Оставив увёртки, дьяк заговорил о назревшей потребности в новых крепостях на Волге, ссылаясь на примеры Тетюшей. Послушав для порядку, Годунов вдруг вскинулся:
— А! Уж не про это ль речешь? — и потянул дьяка за руку к царскому постановлению о строительстве на Волге четырёх городков. Тому самому, которое завтра на совете бояр утвердить рассчитывал.
Недолго повертев бумагу, Щелкалов покачал головой, прищёлкнул языком:
— Хм, не могу надивиться диву твоему, Борис Фёдорович, как в суждениях, так и в поступках.
— Только не серчай. Ну, прямо подмыло мя огорошить тя. Но добром огорошить, — улыбнулся Годунов, легонько трепля думного дьяка за рукав.
— И впрямь огорошил. Добром огорошил. Только не поспешил ли без Думы решить? — усомнился Щелкалов. — Боярский приговор — штука шаткая.
— Я так считаю, выгорит. Дело государству столь выгодно, что только дурак усомнится и вето наложит.
— Хорошо, коль верно. Рад, что одно с тобой в голове держим.
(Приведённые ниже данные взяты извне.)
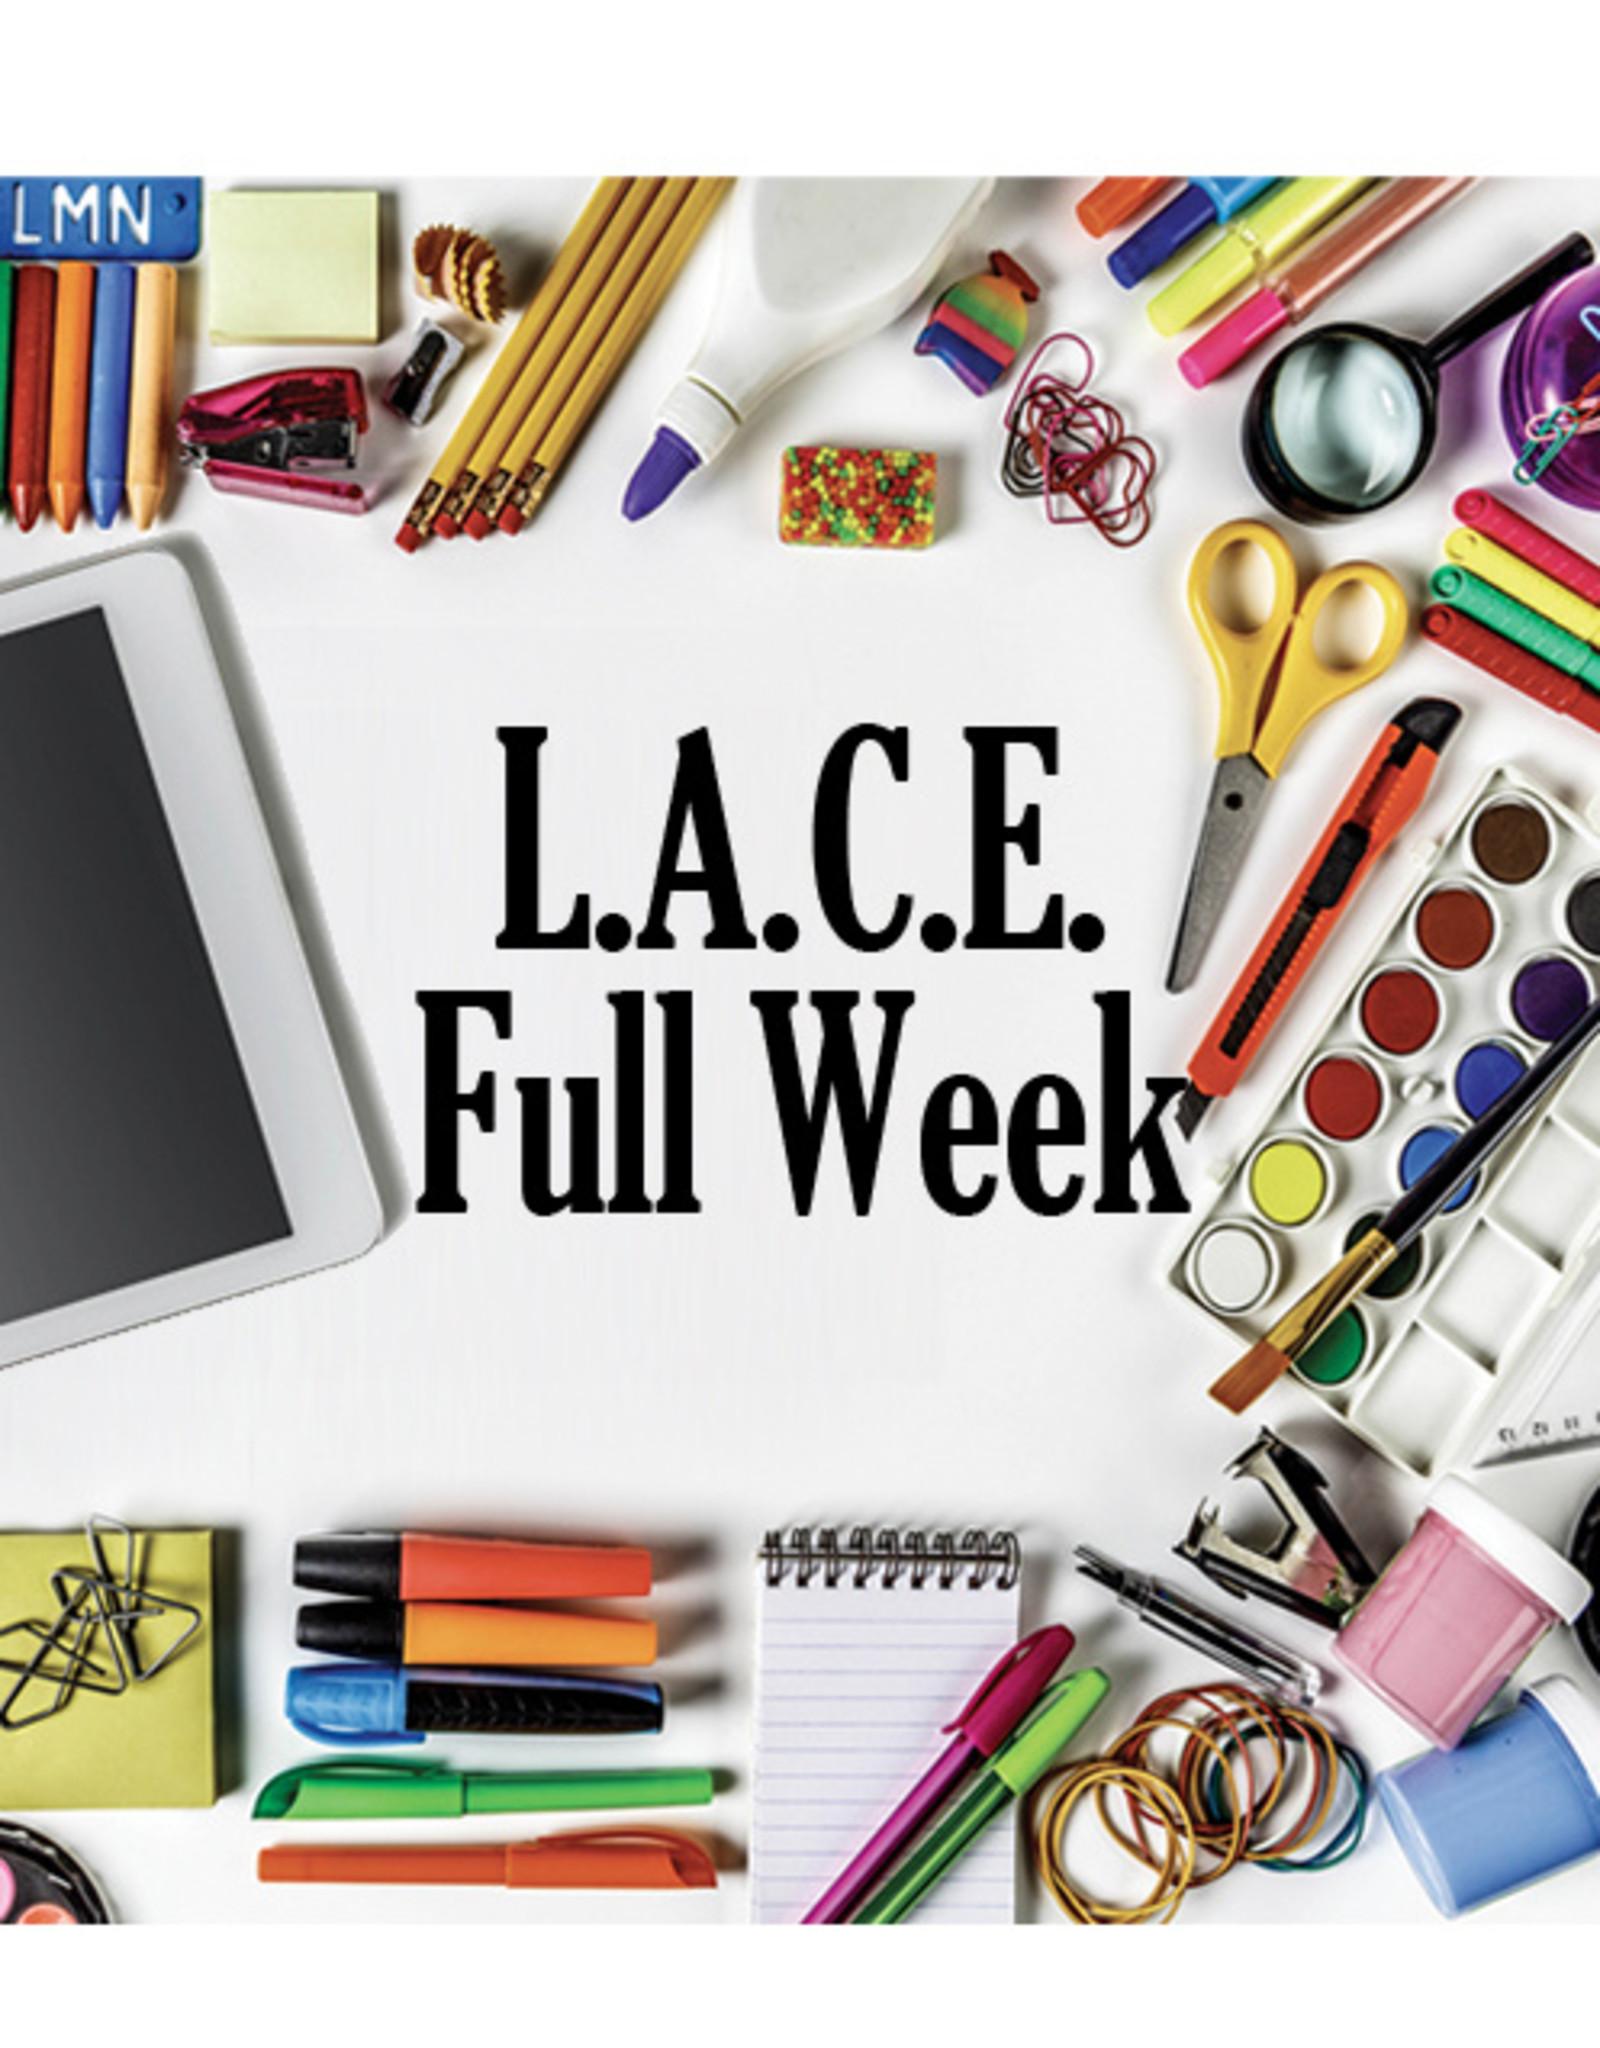 FTLA LACE Program: FULL Week M-F 9:00 am  to 4:00 pm

Главное, чтоб Руси впрок шло. Ну, спокойно почивать. — Дьяк бесшумно вышел.
Да уж, как же одно? Небось о сговоре с Бекманом ни гу-гу. Не бойся пса иже брешет, а того остерегись, что хвостом молчит. Я тебя, дьяк, ещё одним добром порадую.
Годунов приблизился к волоковому оконцу, нащупал шнурок. Трижды дёрнул. В покойчик вошёл Клешнин.
— Что Горсей? — обратился к нему Борис Фёдорович.
— Вдругорядь меня обводит. Зело силён в игре.
— Хм, вот что: а веди-ка ты его сюда, да с доской. За тебя доиграю, — распорядился Годунов.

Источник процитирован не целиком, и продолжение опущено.